A US federal appeals court on Saturday upheld the terms of the original 2012 settlement.
The UK oil giant has supported compensation for businesses harmed by the disaster.
But it argued that the terms of the existing deal meant that some huge sums were being paid for false claims.
In 2012, BP agreed to make payments to those who suffered economic losses as a result of the disaster aboard the Deepwater Horizon drilling rig, which triggered the worst offshore oil spill in US history.
The blast killed 11 workers and released an estimated four million barrels of oil into the gulf.
However, BP complained that the payout formula worked out by court-appointed claims administrator Patrick Juneau was too generous and meant that people and businesses were being paid huge sums for false claims.

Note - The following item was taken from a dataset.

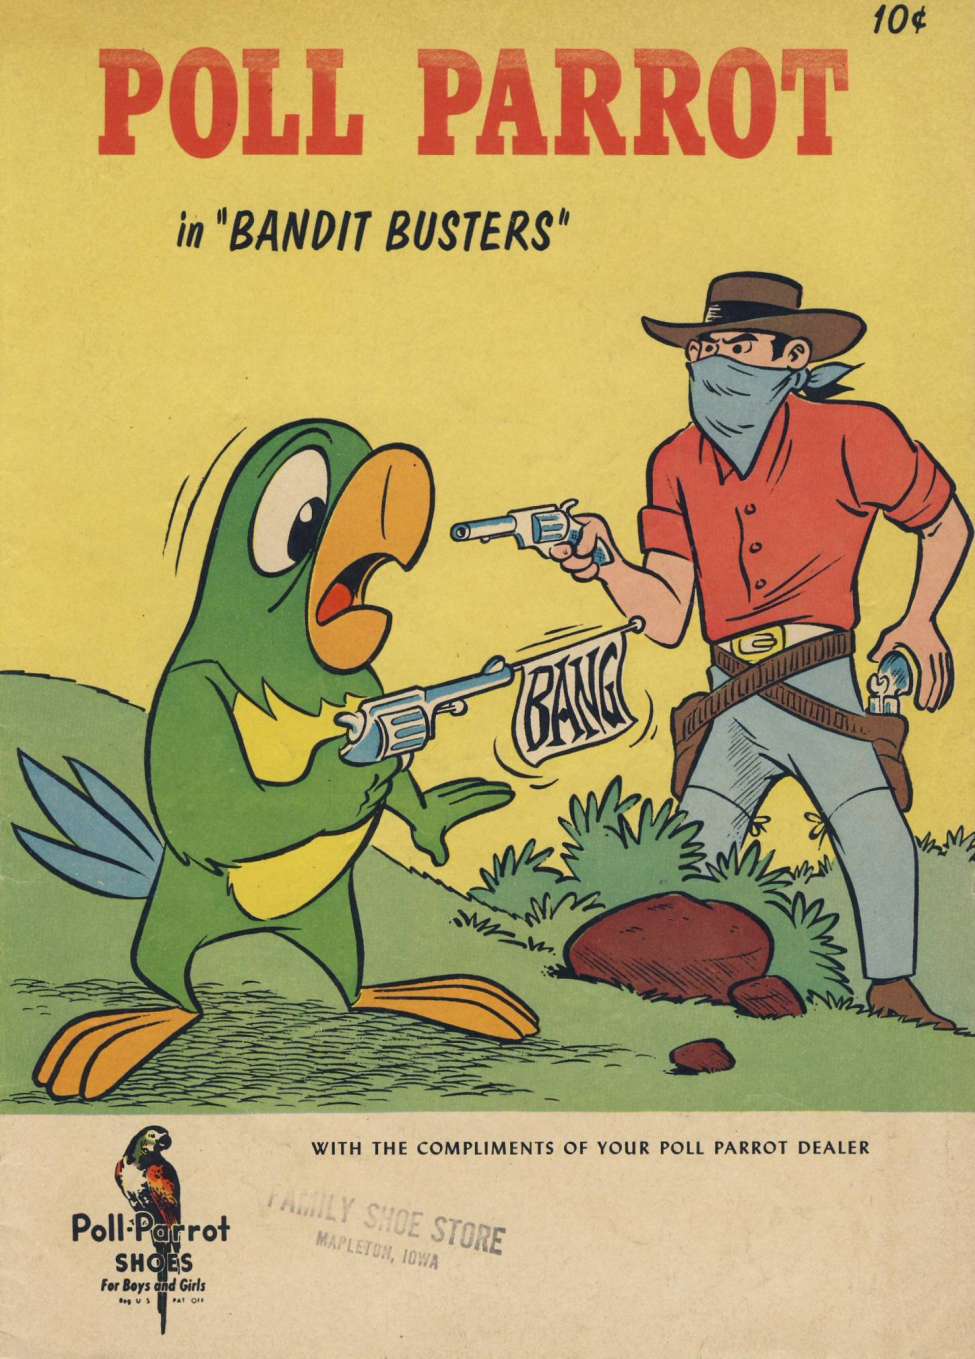 Book Cover For Poll Parrot 5 - Bandit Busters

On Friday, the US Circuit Court of Appeals ruled the original judge, Carl Barbier, did not err by failing to determine whether the class of eligible claimants included individuals who haven't actually suffered any injury.
It means that the UK oil giant may have to pay out much more than it originally thought it would have to.
BP originally projected that the settlement would cost $7.8bn (£4.8bn) but last year increased its estimate to $9.6bn.
BP has faced about $42.4bn in criminal and civil charges since the disaster.